If we now open the corresponding index.html, the documentation looks like in the screenshot below.

Besides using the generator, there are also various editors and IDE plug-ins to create previews of the specification on the fly. I currently use plug-ins for Visual Studio and IntelliJ.

In addition to HTML, we also have the option of generating a corresponding document in Markdown, for this we only need to use the Markdown template and we get the following result.

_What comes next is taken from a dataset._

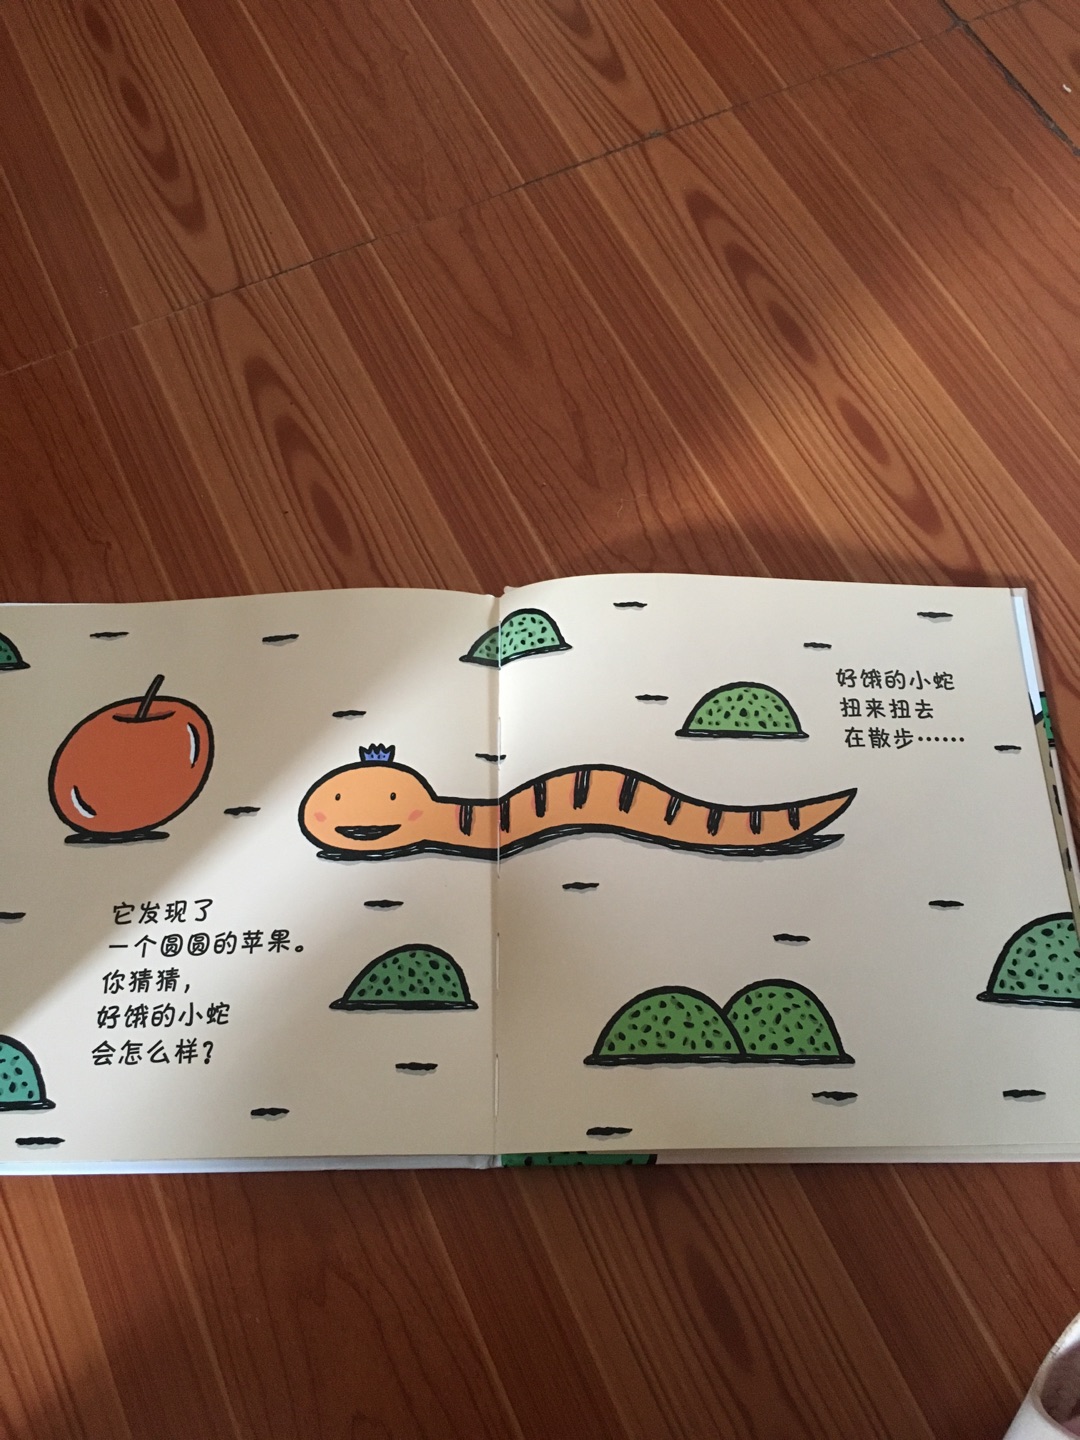 好饿好饿的小蛇，很有意思呢，通过这本书，宝宝可以直到最常见的形状和颜色，我家宝宝三岁了，觉得很有意思！！！

# Order Service 1.0.0 documentation

The service is in charge of processing orders
## Table of Contents

* [Servers](#servers)
* [Channels](#channels)

## Servers

### **rabbitmq** Server

| URL | Protocol | Description |
|---|---|---|
| localhost:5672 | amqp 0.9.1 | RabbitMQ |

## Channels

### **order-processed** Channel

#### `publish` Operation

Payload of processed order

##### Message

*Inform about a new processed order in the system*

###### Payload

| Name | Type | Description | Accepted values |
|---|---|---|---|
| id | integer | ID of received order | _Any_ |
| customerReference | string | Reference for the customer according the order | _Any_ |

> Examples of payload _(generated)_

```json
{
  "id": 0,
  "customerReference": "string"
}
```



#### `subscribe` Operation

Payload of processed order

##### Message

*Inform about a new processed order in the system*

###### Payload

| Name | Type | Description | Accepted values |
|---|---|---|---|
| id | integer | ID of received order | _Any_ |
| customerReference | string | Reference for the customer according the order | _Any_ |

> Examples of payload _(generated)_

```json
{
  "id": 0,
  "customerReference": "string"
}
```

Extending the documentation process with docToolchain

We can add the generated document to the existing architecture documentation in an extended docs-as-code toolchain with docToolchain. To do this, we run the generation command ag with other parameters.

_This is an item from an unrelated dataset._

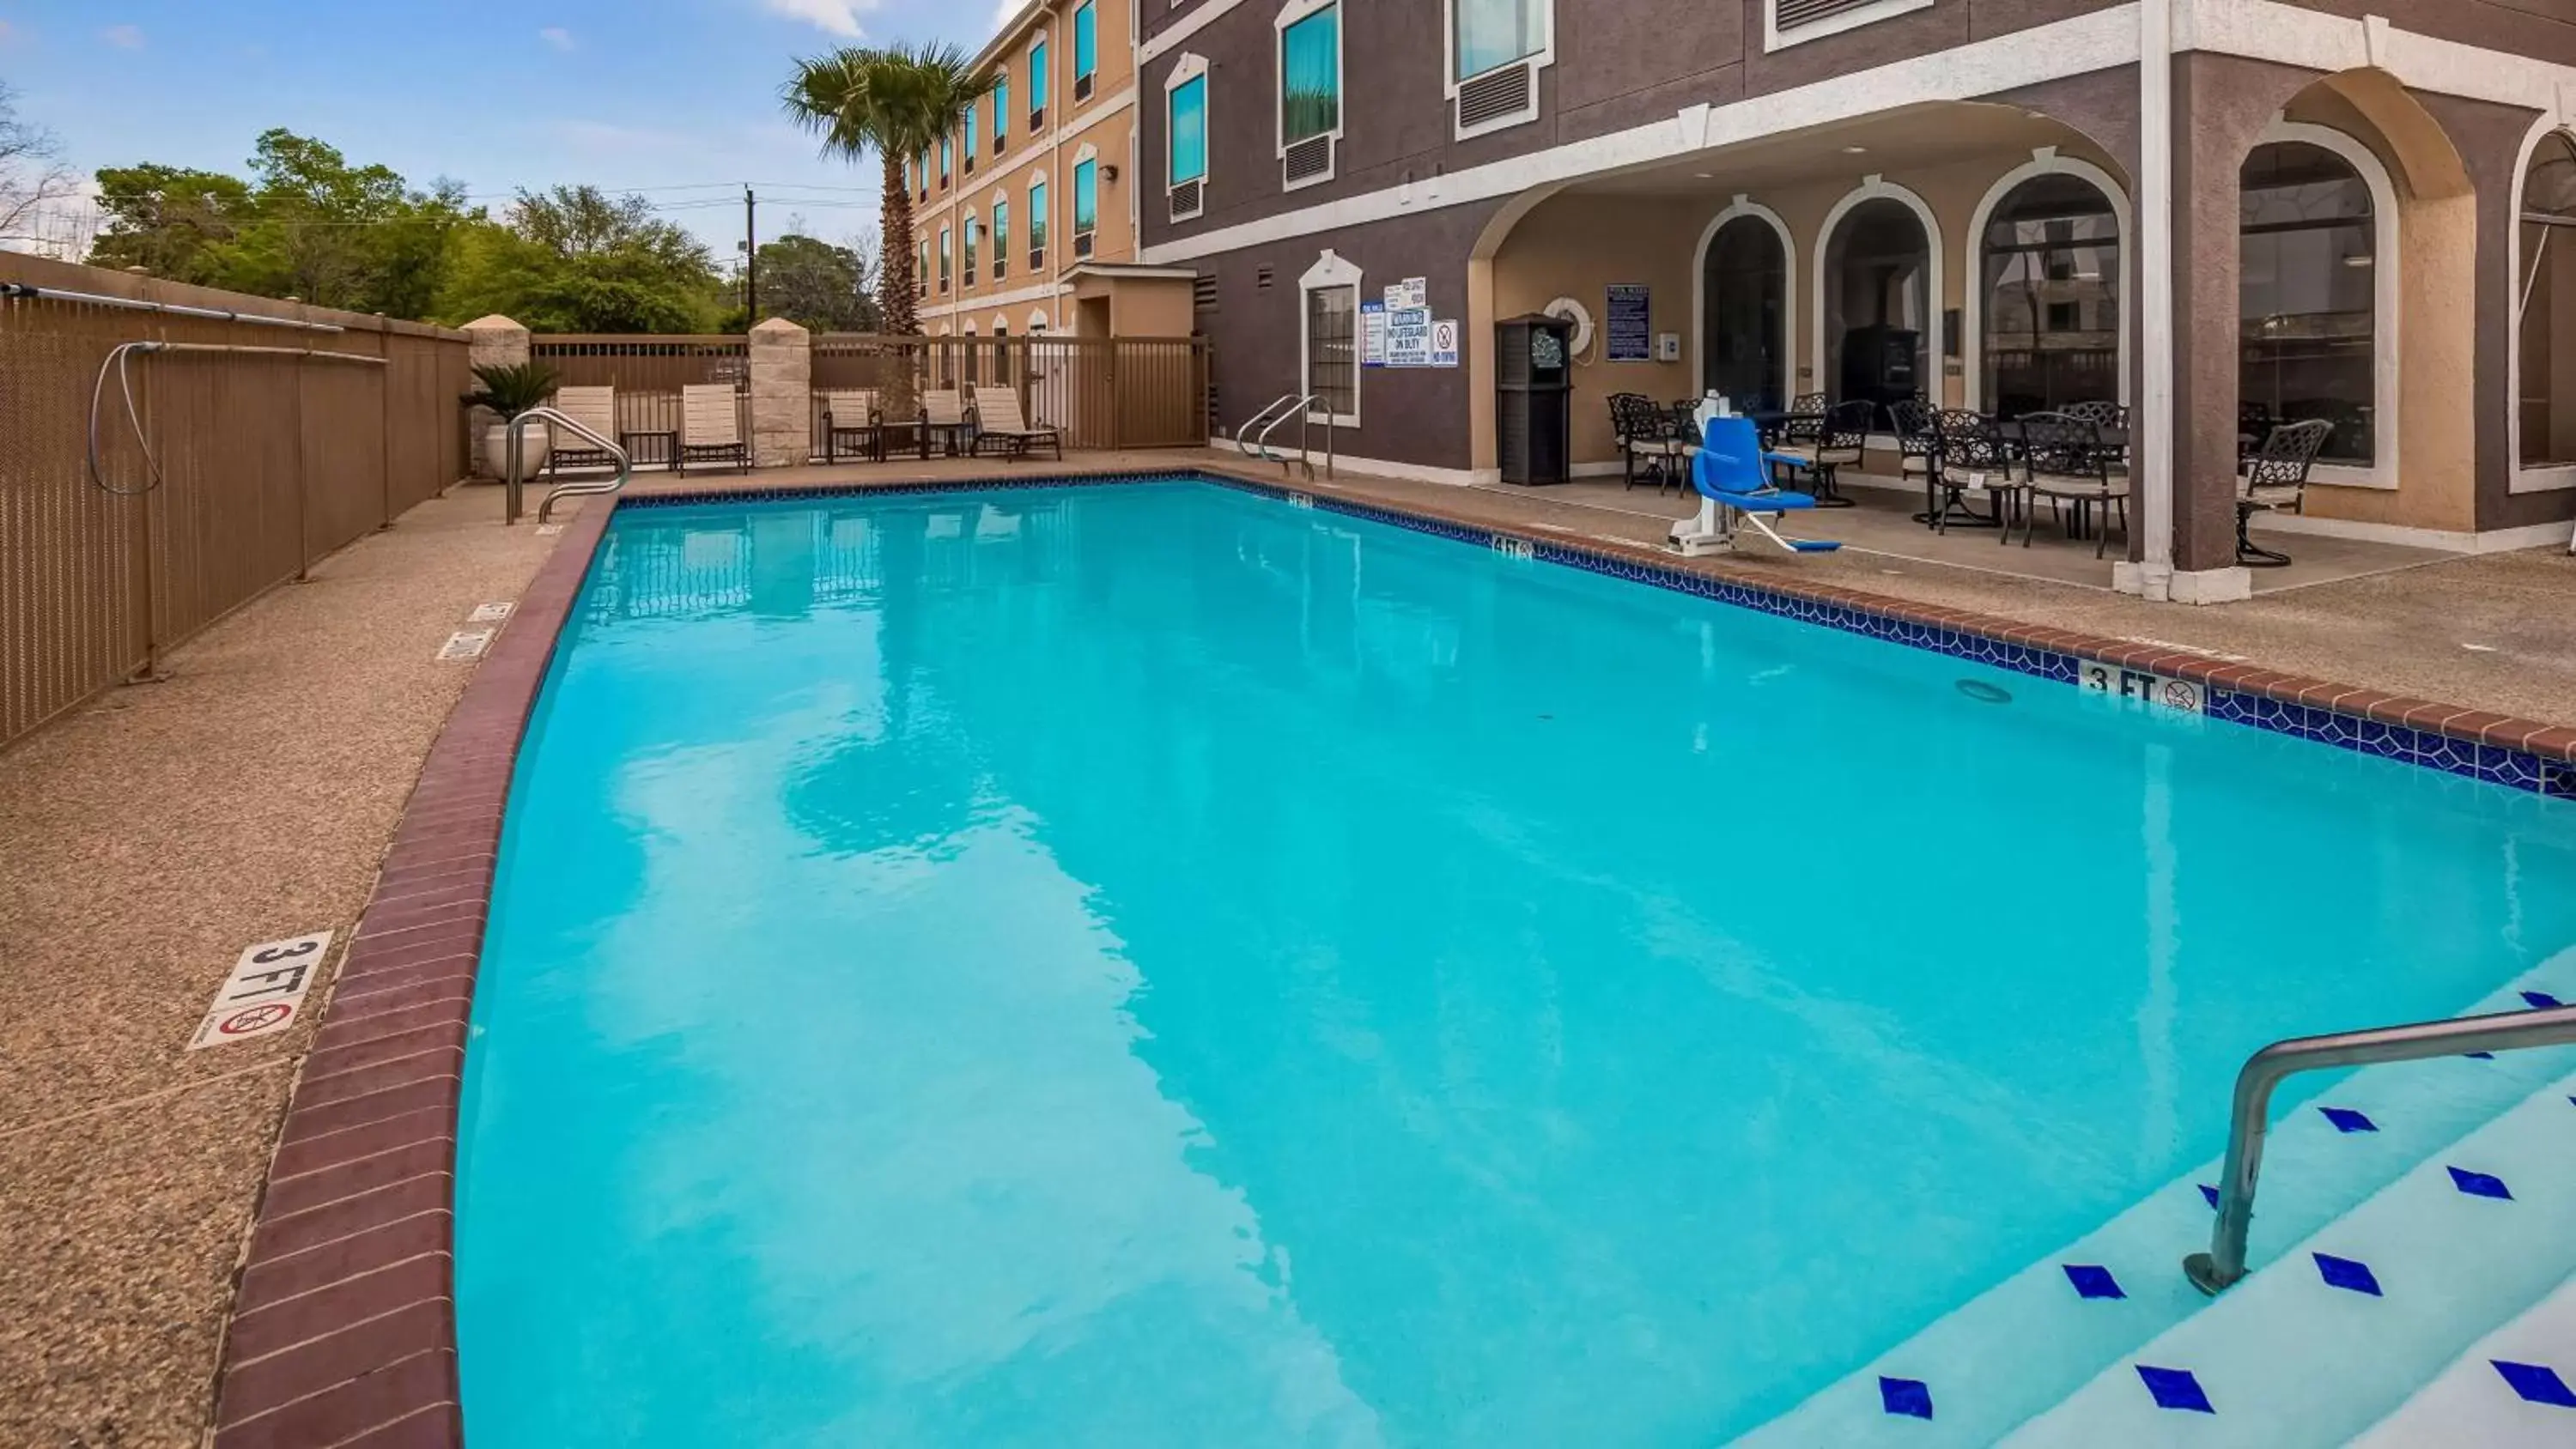 On site, Swimming Pool in Best Western Plus Heritage Inn Houston

❯ ag -o /Users/danielkocot/doc-showcases/src/docs order-service.yaml @asyncapi/markdown-template -p outFilename=order-service.md


Done! 
Check out your shiny new generated files at /Users/danielkocot/doc-showcases/src/docs.

Now we find the specification in our architecture documentation folder. Using docToolchain we can convert the Markdown file into the AsciiDoc format as a first step. I use version 2.0.0 for this, which has been released recently. Version 2.0.0 also introduces a CLI that facilitates the use of docToolchain. The call looks like this.

➜ ./dtcw exportMarkdown
dtcw - docToolchain wrapper V0.22
docToolchain V2.0.0
Java Version 11
docker available
home folder exists
use local homefolder install /Users/danielkocot/.doctoolchain/

> Configure project :
arc42/arc42.adoc

BUILD SUCCESSFUL in 1s
1 actionable task: 1 executed

The converted file is available in the Build folder and can be incorporated from there into other AsciiDoc(tor) documents via include. This way we ensure that the specifications can be accessed in the process of creating an overall documentation.

Summary

We have seen that AsyncAPI opens up a possibility to make an event- or message-driven system understandable in a description language that can be read by humans and machines. In contrast to OpenAPI, however, the backend is known when writing the specification so that the peculiarities of the respective system can be addressed. Despite a version number greater than 1, the AsyncAPI spec is still under development. The tooling in the area of code generation is also currently still manageable, but is growing steadily. In connection with docToolchain, there are further possibilities with regard to integration into existing documentation. All in all, this is a very exciting topic that I will be coming back to time and again in the upcoming period.